Additional examples abound of teachers and administrators engaging in socialist activities inside and outside classrooms. For instance, Jesse Sharkey, president of the Chicago Teachers Union, is a member of the International Socialist Organization. He even moderated two panels at the 2018 Socialism Conference in Chicago. Other participants on the panel have been linked to the ISO and Democratic Socialists of America, the largest socialist organization in the United States.

During the 2018 West Virginia teachers strike, Zac Corrigan, a member of the International Youth and Students for Social Equality, called for “living wages,” single-payer health care, a government-run universal jobs guarantee program, and the need for getting students—your children—more involved in teachers’ union activities.

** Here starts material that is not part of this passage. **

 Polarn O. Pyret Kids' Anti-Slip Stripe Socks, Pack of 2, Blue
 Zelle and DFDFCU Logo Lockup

Many parents recognize that something is amiss in the government-run school system, but they feel trapped because they cannot afford to transfer their child to a private school or don’t have the time or money to homeschool.

It doesn’t have to be that way, however. Parents can break this broken model by demanding universal education choice, which can best be provided through a universal education savings account program.

ESAs allow parents to remove their children from socialist classrooms by providing them with a tax-free account that can be used to pay for education-related expenses at other public schools, private schools, or even for homeschooling. ESAs, which are funded using the money already allotted for public schools, would empower parents to enroll their children in schools that teach our nation’s founding principles of freedom, self-reliance and limited government.

Giving parents and students education freedom would finally bring robust competition to the education sphere, forcing government-run schools to rethink the wisdom of maintaining their socialist-driven curriculum programs, including those linked to Common Core.

The best way to stop the march toward socialism in the United States is to provide all parents the opportunity to choose the educational path that most aligns with their values. Until parents have the freedom to choose their children’s education, students will be unable to escape these socialist indoctrination centers.

As President Ronald Reagan so eloquently warned us: “Freedom is never more than one generation away from extinction. We didn’t pass it on to our children in the bloodstream. The only way they can inherit the freedom we have known is if we fight for it.”

The fate of freedom hangs in the balance. Unless Americans demand education freedom, Reagan’s warning will become reality: “you and I may well spend our sunset years telling our children and our children’s children what it once was like in America when men were free.”